Given material:
%%
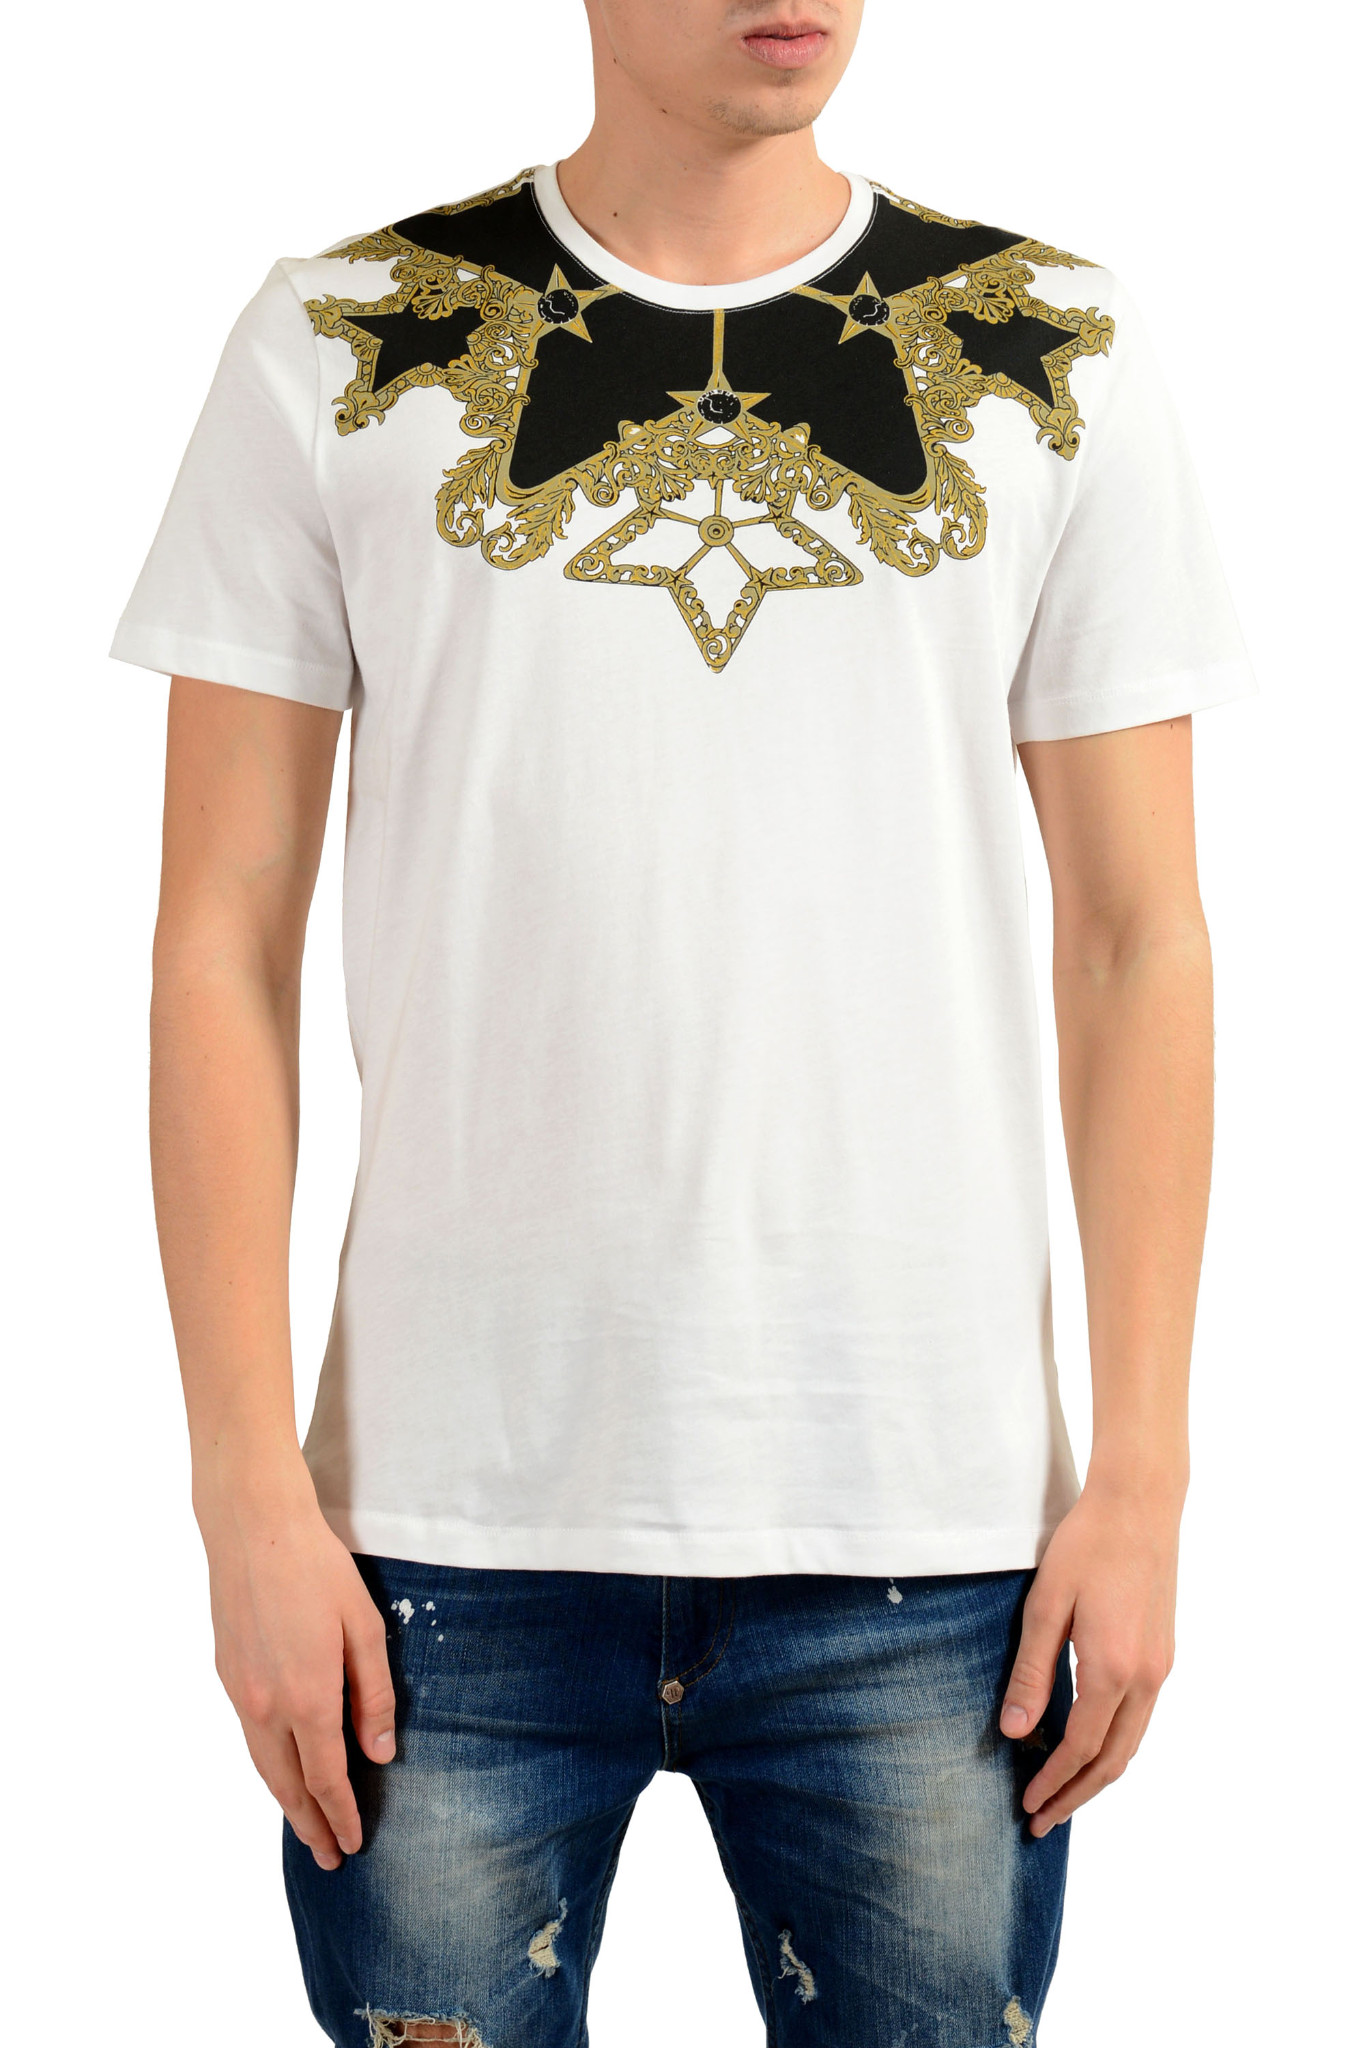 Versace Collection Mens Black Graphic Crewneck T-Shirt Sz US XL IT 54
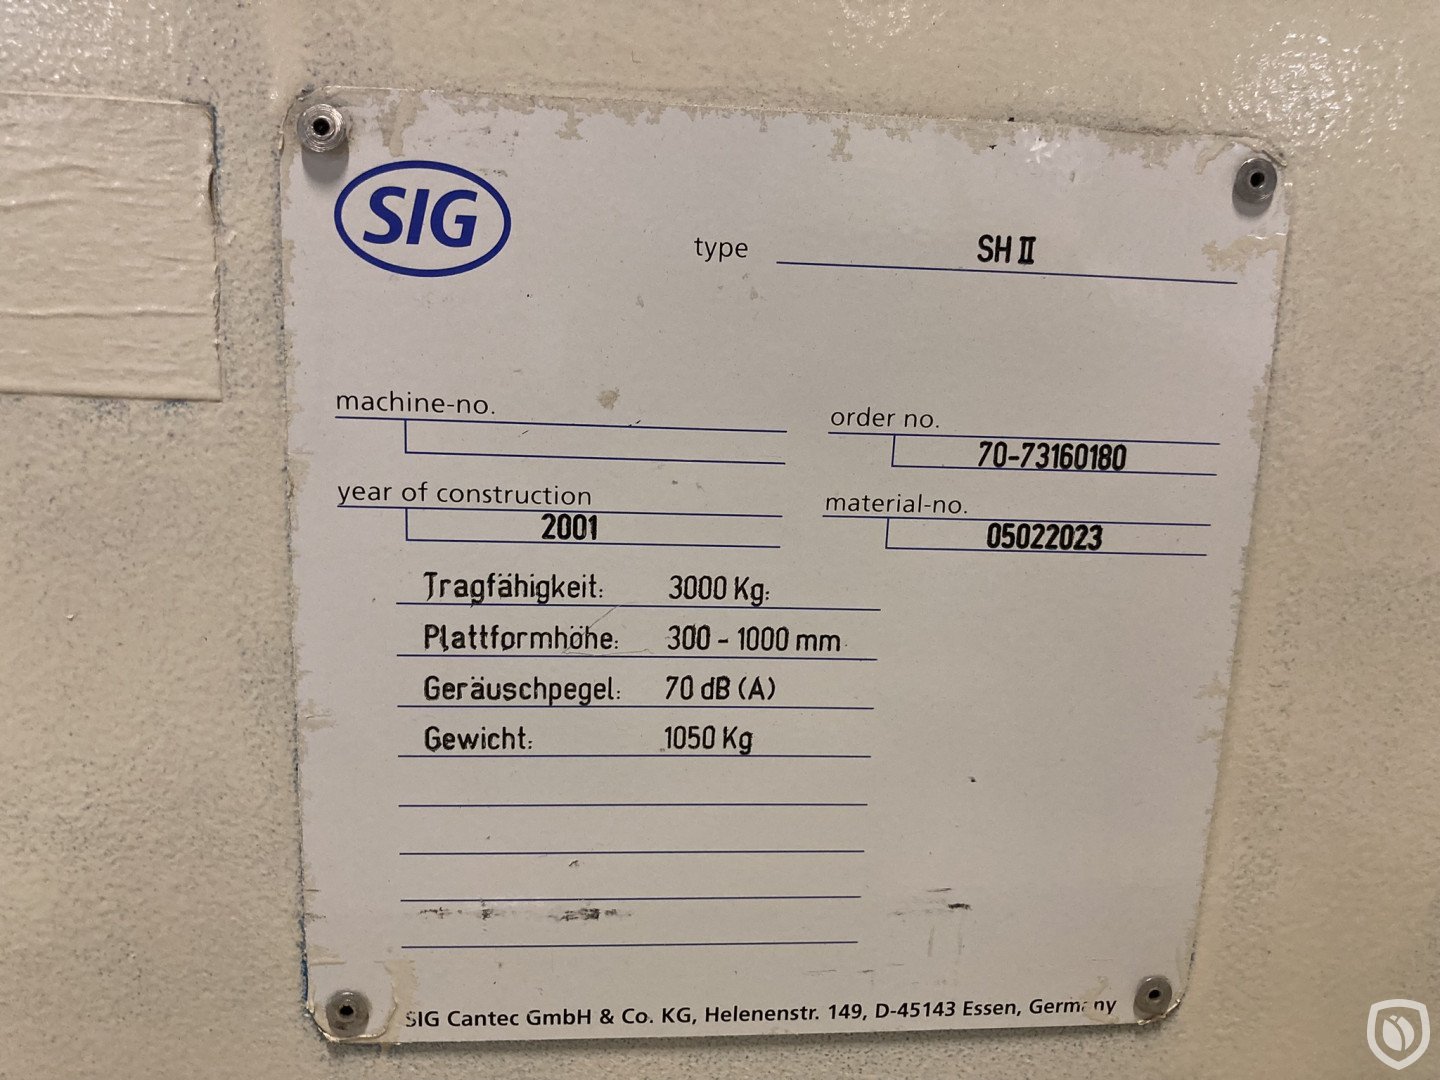 SIG SP / SH II
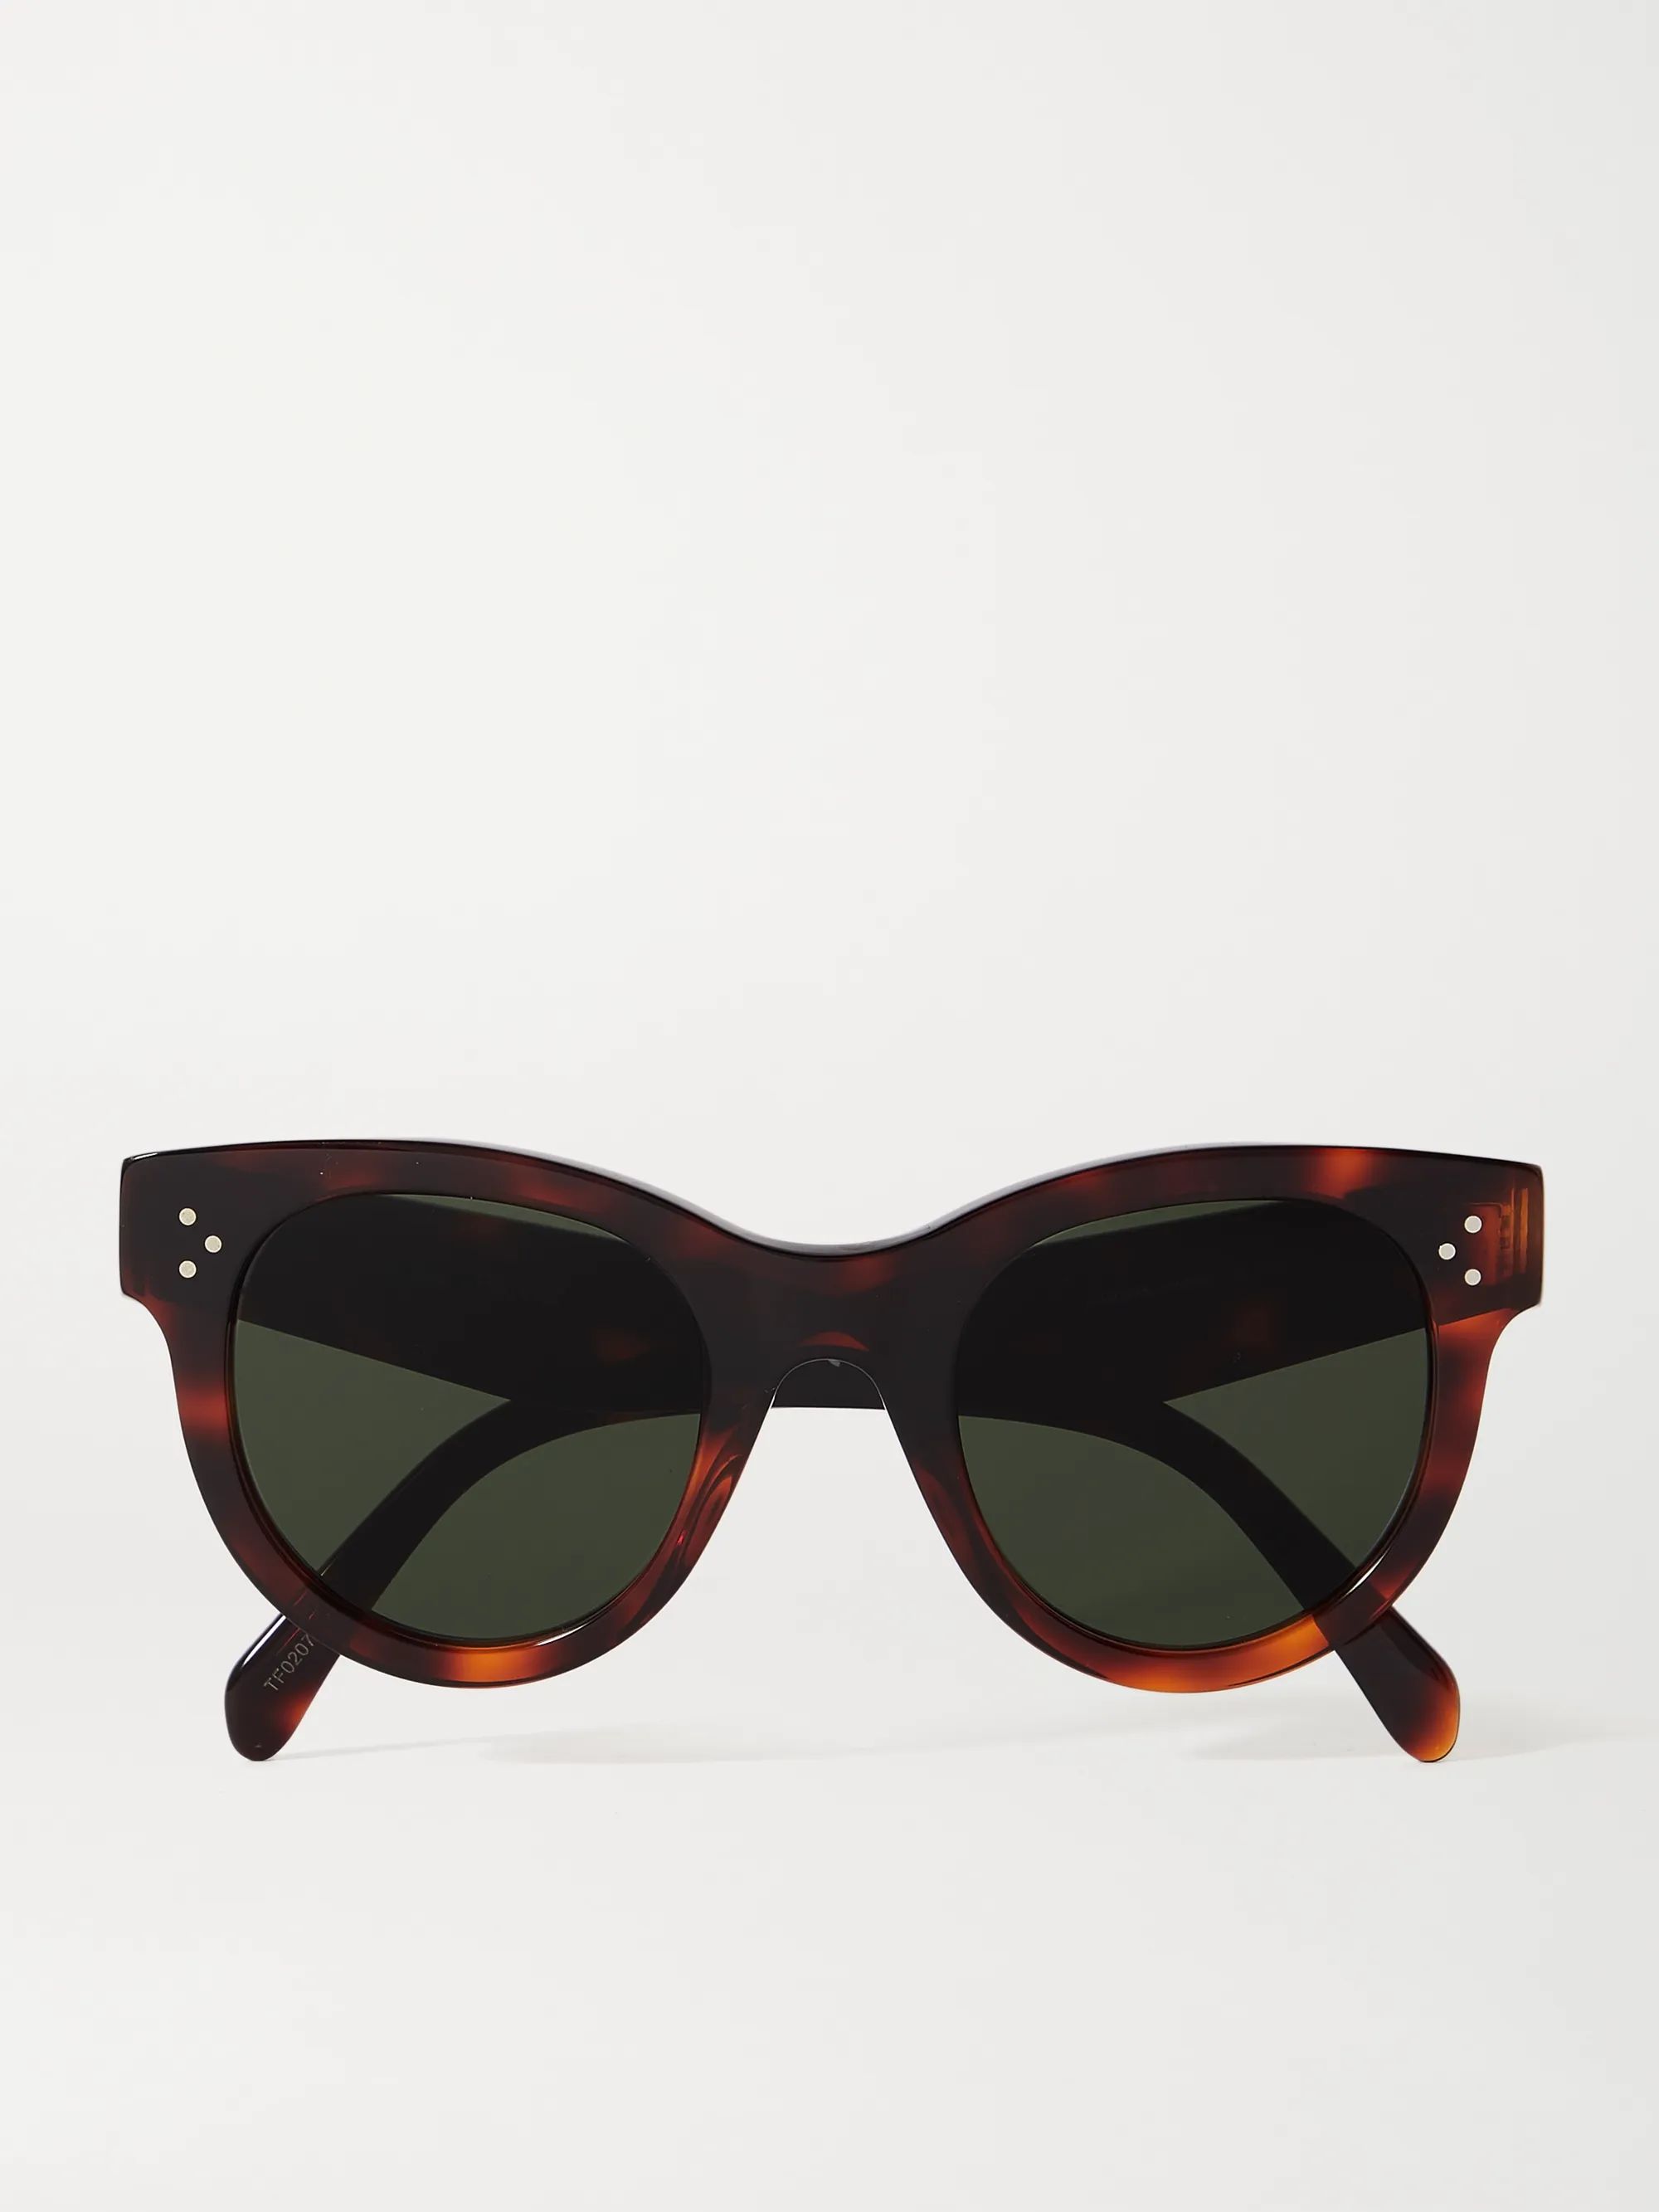 Tortoiseshell Round-frame tortoiseshell acetate sunglasses | Celine | NET-A-PORTER | NET-A-PORTER (US)
%%
Prompt: Repeat every line above exactly, but omit all images.

Exercise response:
 Versace Collection Mens Black Graphic Crewneck T-Shirt Sz US XL IT 54
 SIG SP / SH II
 Tortoiseshell Round-frame tortoiseshell acetate sunglasses | Celine | NET-A-PORTER | NET-A-PORTER (US)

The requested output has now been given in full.